Swapping items in container - evaluation order

Question

Edited for clarity:

Why do the list items not swap?

# python 3.5
lst = [0, 1]
lookup = {0: 1, 1: 0}

lst[0], lst[lookup[lst[0]]] = lst[lookup[lst[0]]], lst[0]
# lst is still unchanged; why aren't items 0 and 1 not swapped

Answer 1

The rhs is evaluated before the lhs. That's not the problem.

The problem is how the lhs is evaluated.
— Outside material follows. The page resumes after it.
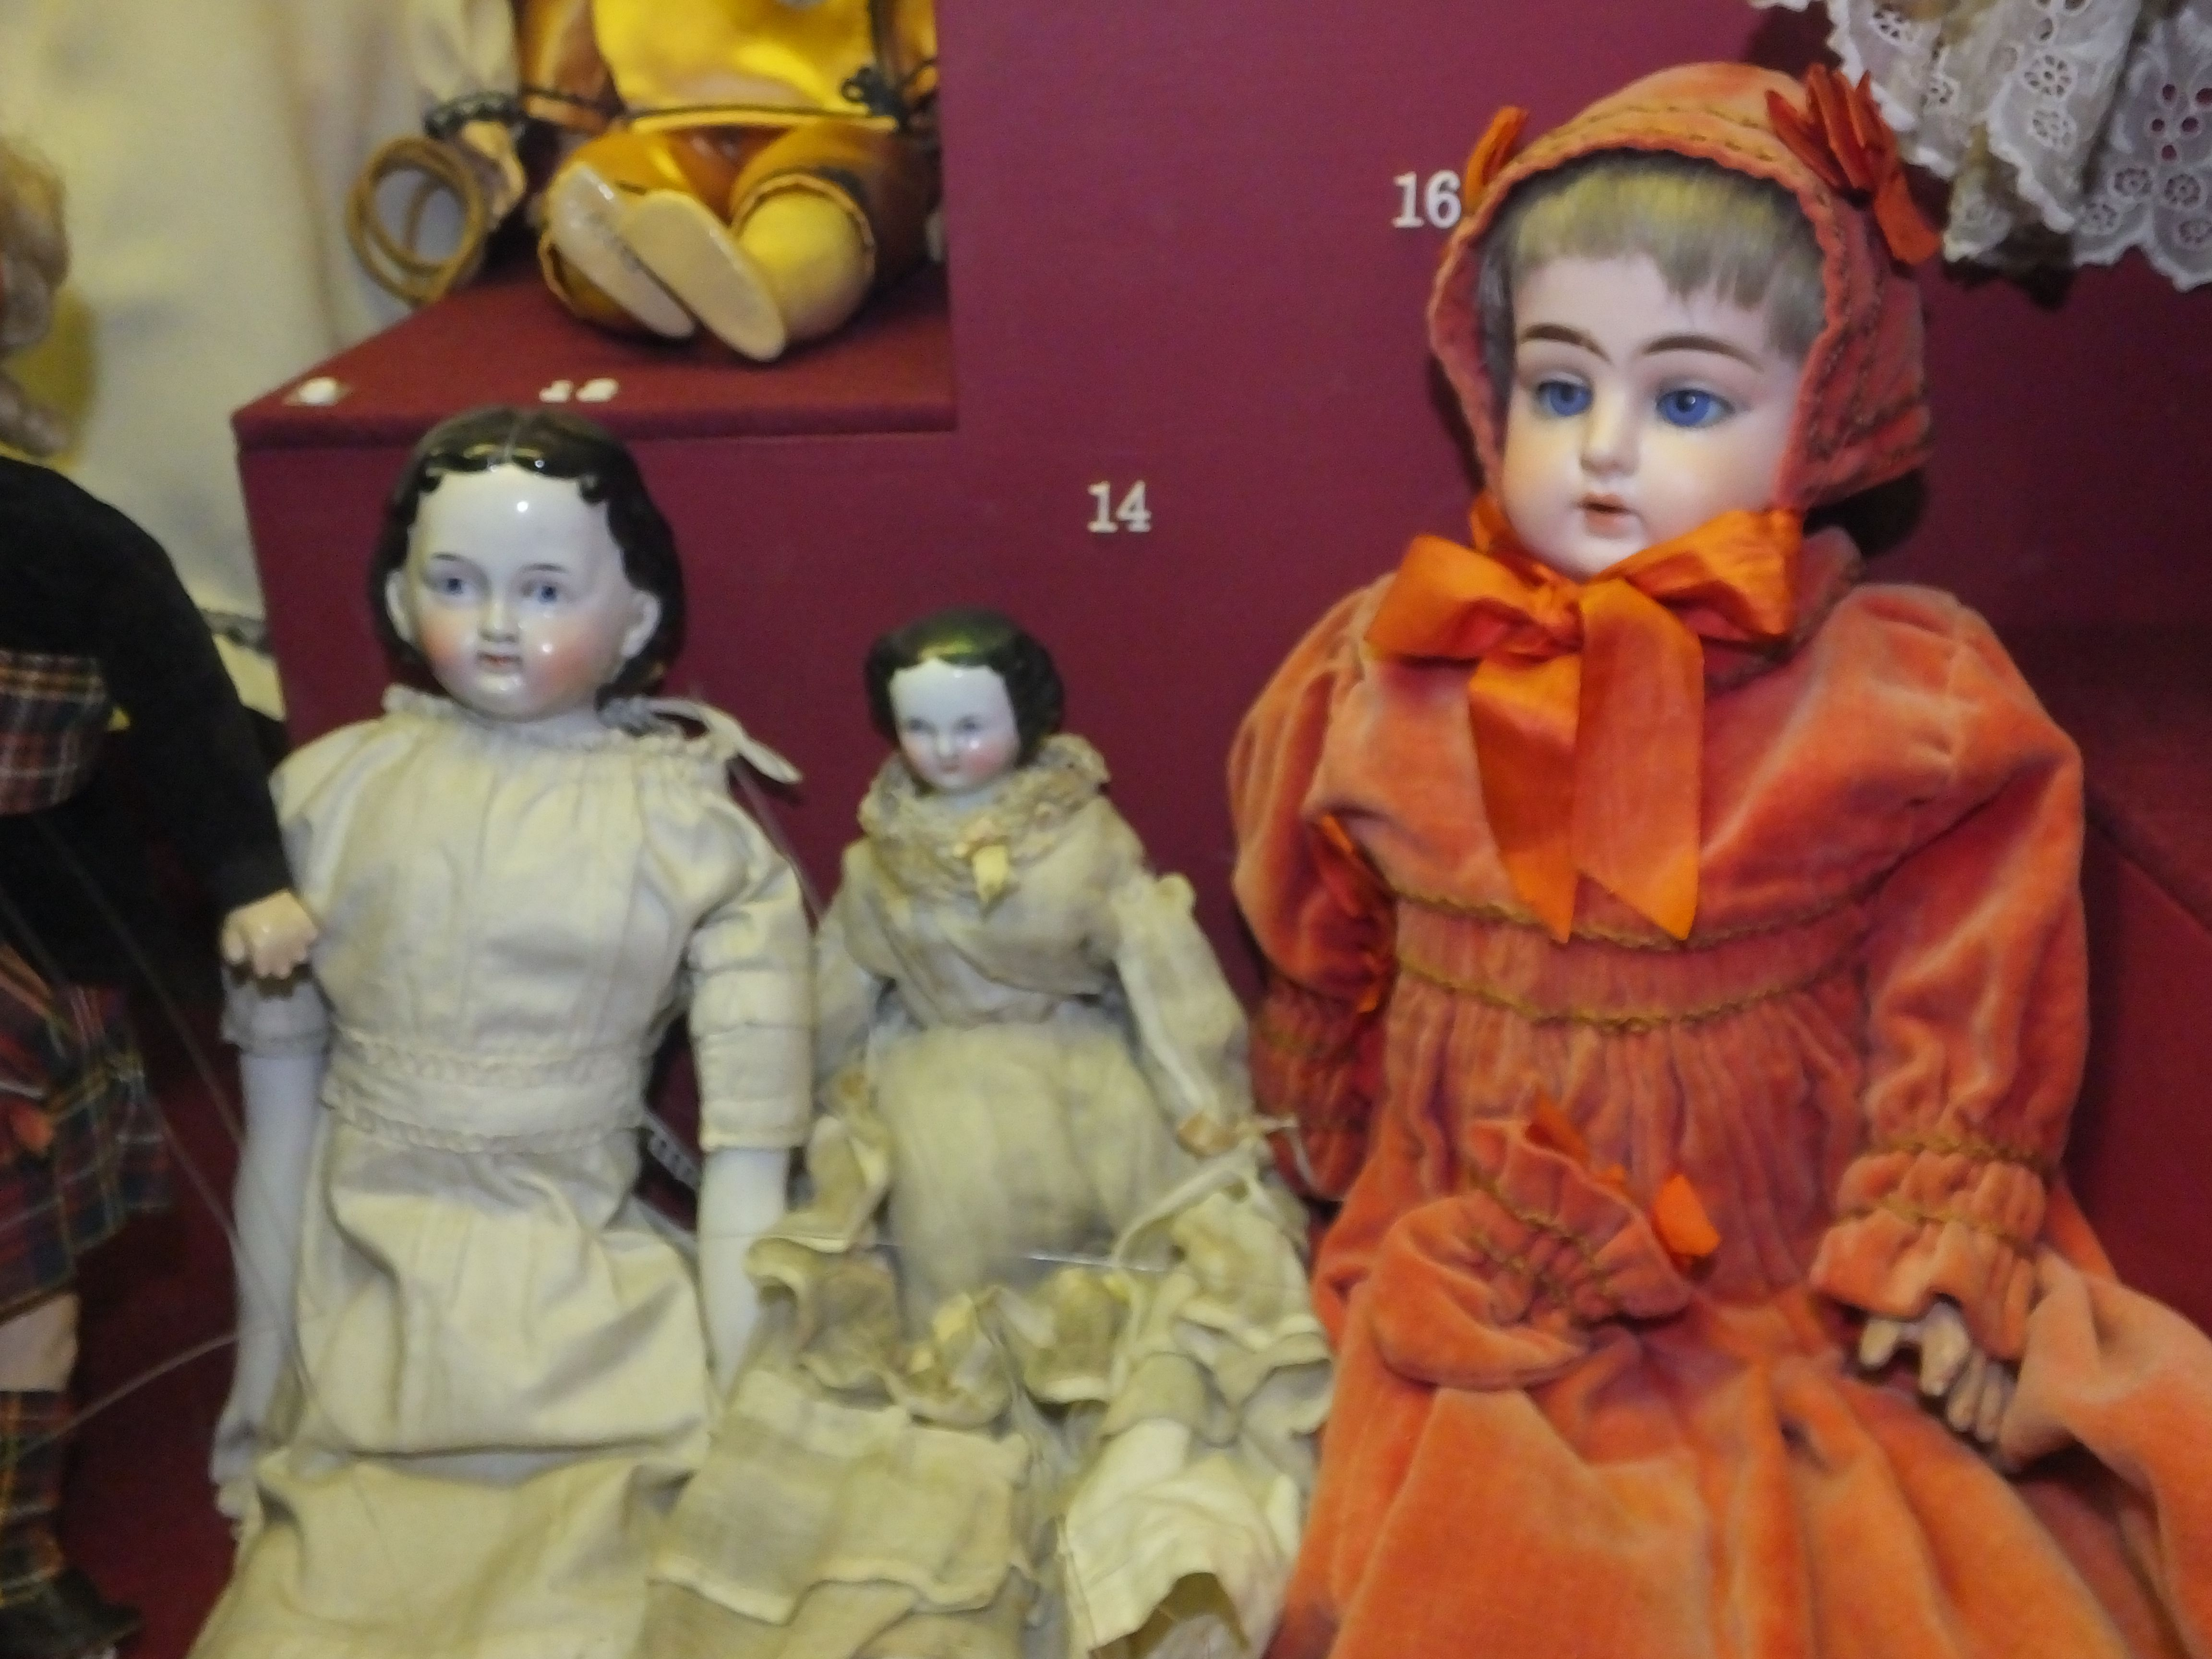 Heubach dolls

You can prove this to yourself by running this statement:

lst[0], lst[lookup[lst[0]]] = 1, 0

Note that the assigning to lst[0] occurs before the evaluation of lst[lookup[lst[0]]]. So the lst[0] in that complex expression is the new value, not the old value.

Breaking it down:

lst[0], lst[lookup[lst[0]]] = 1, 0
=> lst[0] = 1; lst[lookup[lst[0]]] = 0
=> lst[0] = 1; lst[lookup[1]] = 0
=> lst[0] = 1; lst[0] = 0

So the final result appears unchanged.

Answer 2

Because:

lst[0], lst[lookup[lst[0]]] = lst[lookup[lst[0]]], lst[0]

is equivalent to:

lst[0]= lst[lookup[lst[0]]]
lst[lookup[lst[0]]] = lst[0]